Below these eight graphs are the per CPU scheduling graphs, the different colors of these graphs are for different tasks. The small vertical bars that are shown just above the per CPU graphs indicates the waiting time between wakeup and being scheduled, the highest height is equal to 20 ms, i.e. a full length means that the waiting time was at least 20 ms, possibly more.
Furthermore, in the scheduling graphs, there are the following subtle markers:
*  The blue triangle indicates that the task was still running when it was scheduled out.
*  The red triangle indicates that the task was preempted when it was scheduled out.

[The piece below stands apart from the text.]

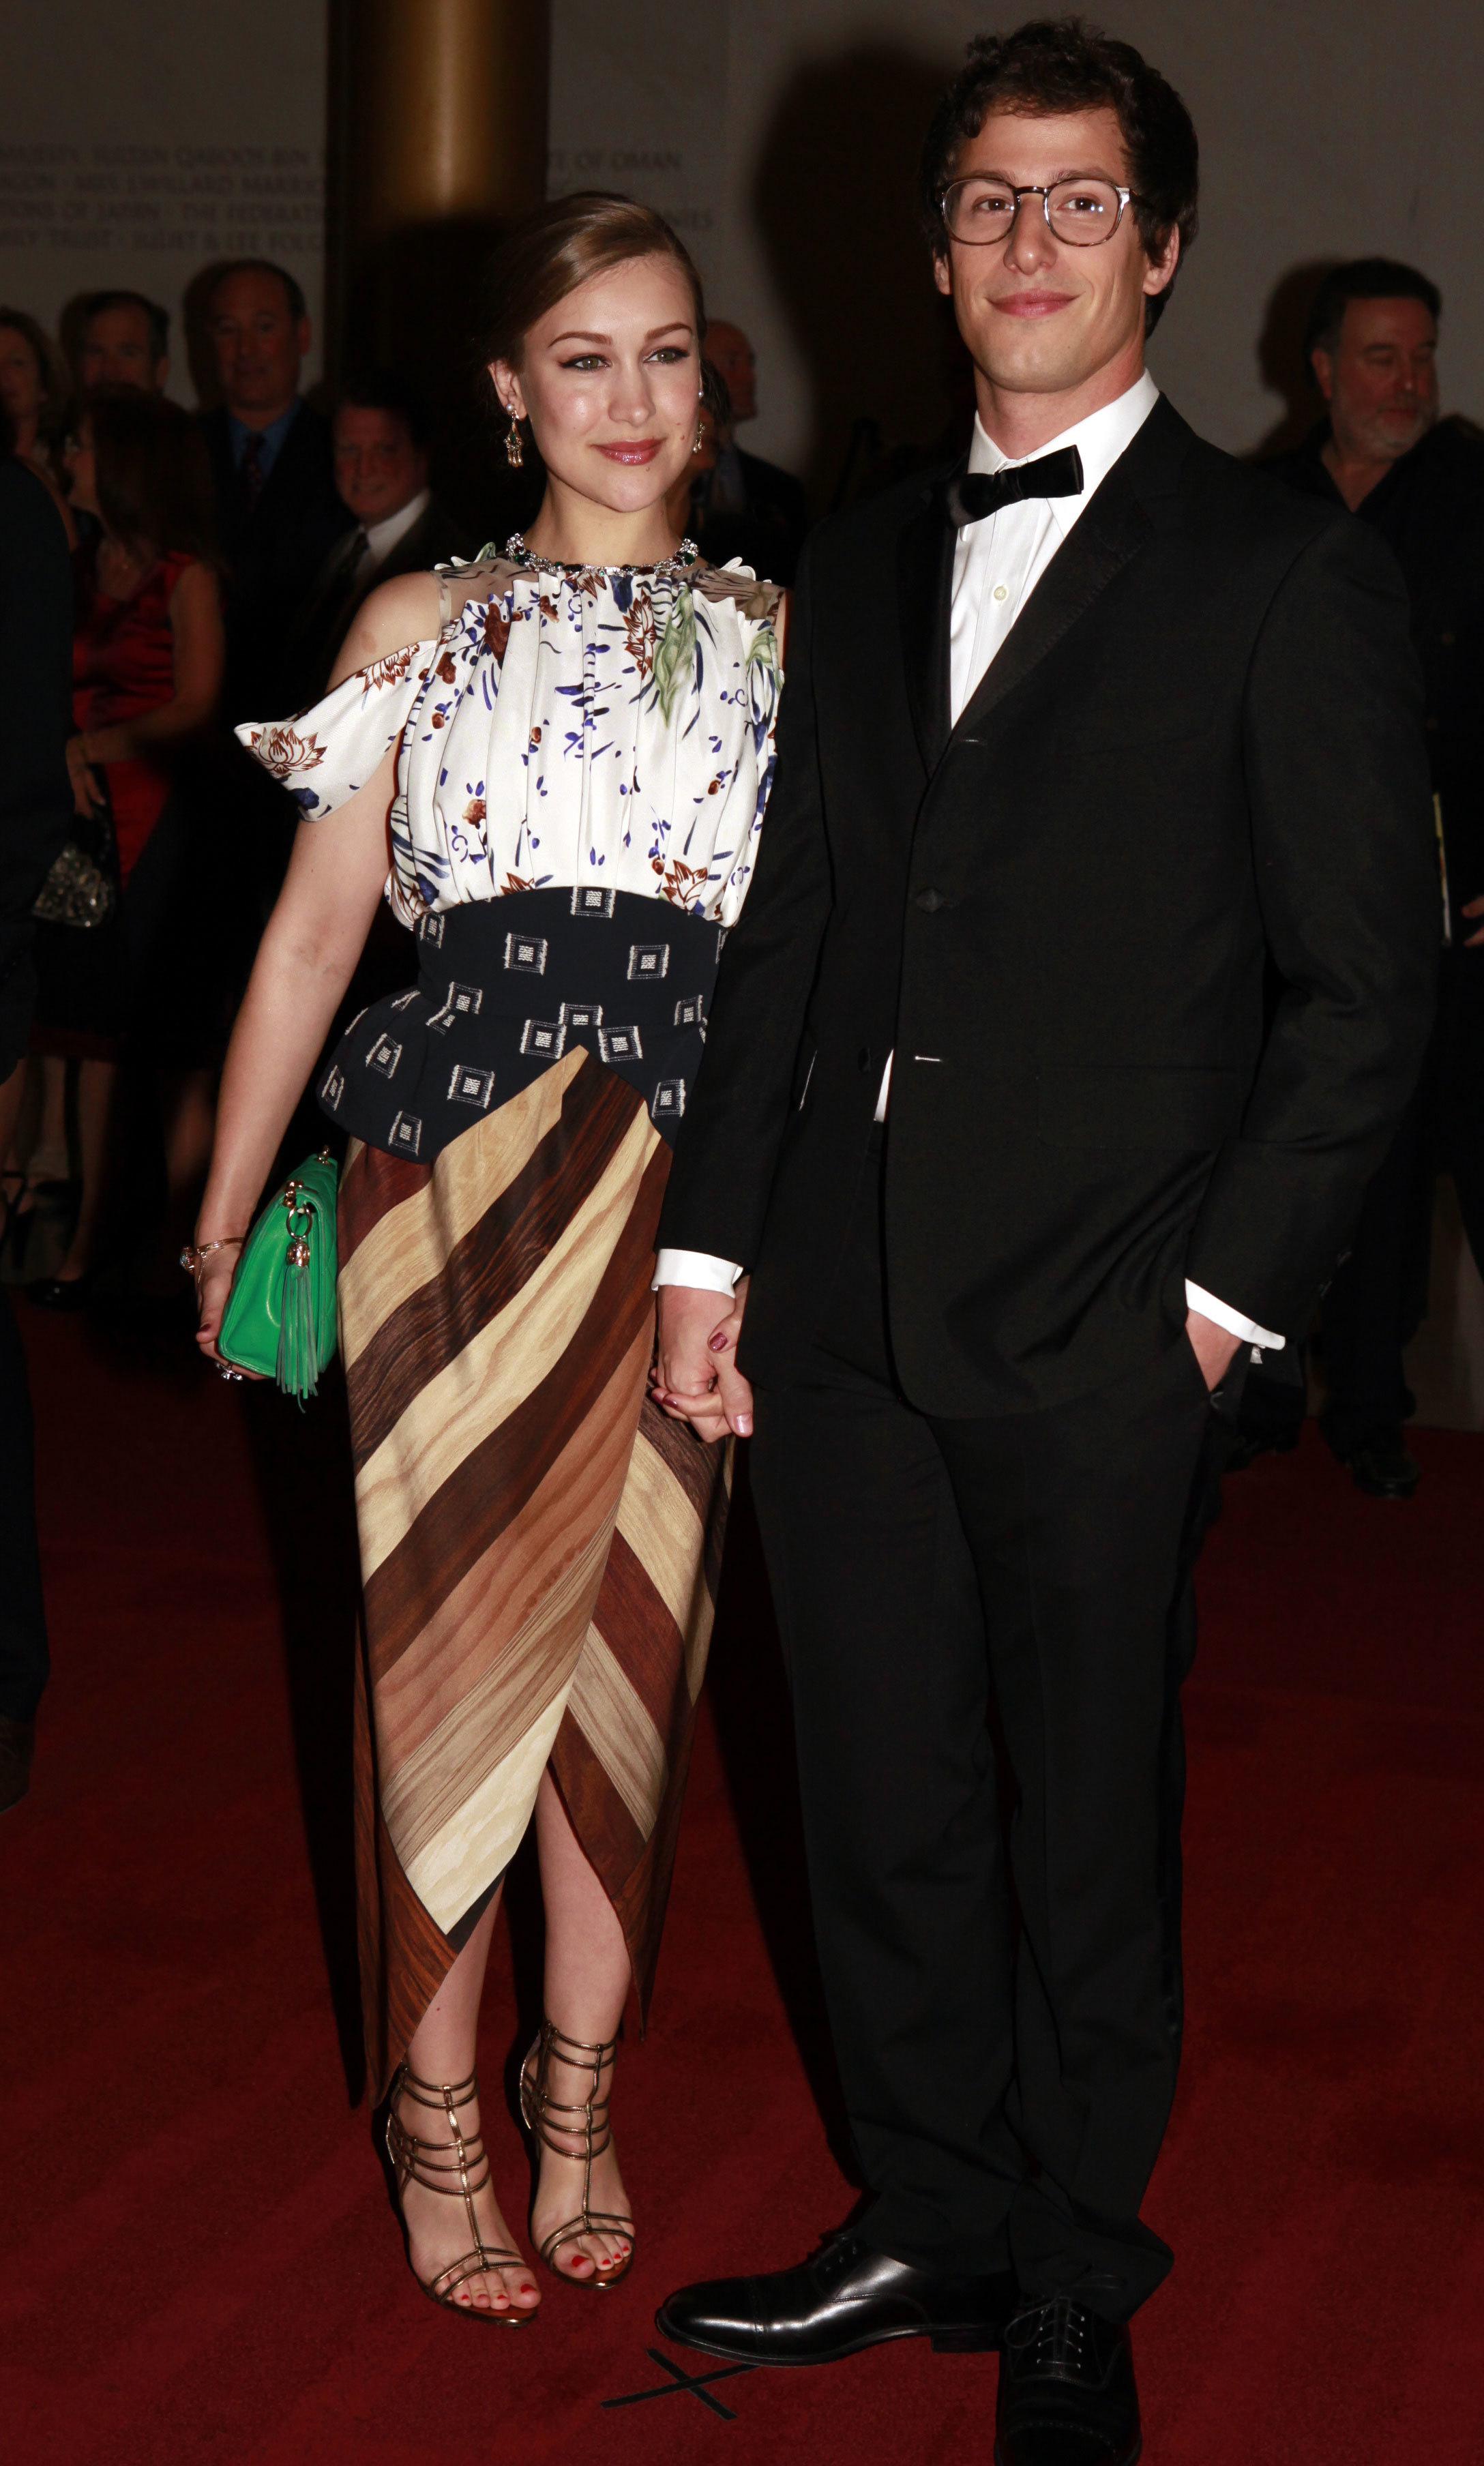 Joanna Newsoms Feet Wikifeet

*  The magenta colored plus sign indicates that the task went into uninterruptible sleep when it was scheduled out. Note that in practice, only the lower line of the plus sign is visible.
Below the scheduling graphs are the migration graphs. Task migrations between CPUs are shown with arrows. Fork/exit is shown with an arrow from/to `fork/exit`.
Below the migration arrows are the unified task graphs, where tasks are shown without caring about which CPU it is running on. Here the time between wakeup and being scheduled in shown by horizontal bars.
These graphs will only be shown if requested by the user. It is necessary to select a task and click the  button or the `Add a unified graph` button in the task select dialog.
The task select dialog can be shown by clicking `View -> Show task list`, or by clicking the dedicated  button for it on the left panel.
## 1.1 Brief summary of the functionality of the GUI
### 1.1.1 How to zoom and scroll vertically
The graphs are by default zoomed and scrolled horizontally, i.e. time wise. You can scroll by grabbing the graph with your mouse pointer and zoom with the mouse wheel.
If you instead want to zoom or scroll vertically, you need to toggle the  button.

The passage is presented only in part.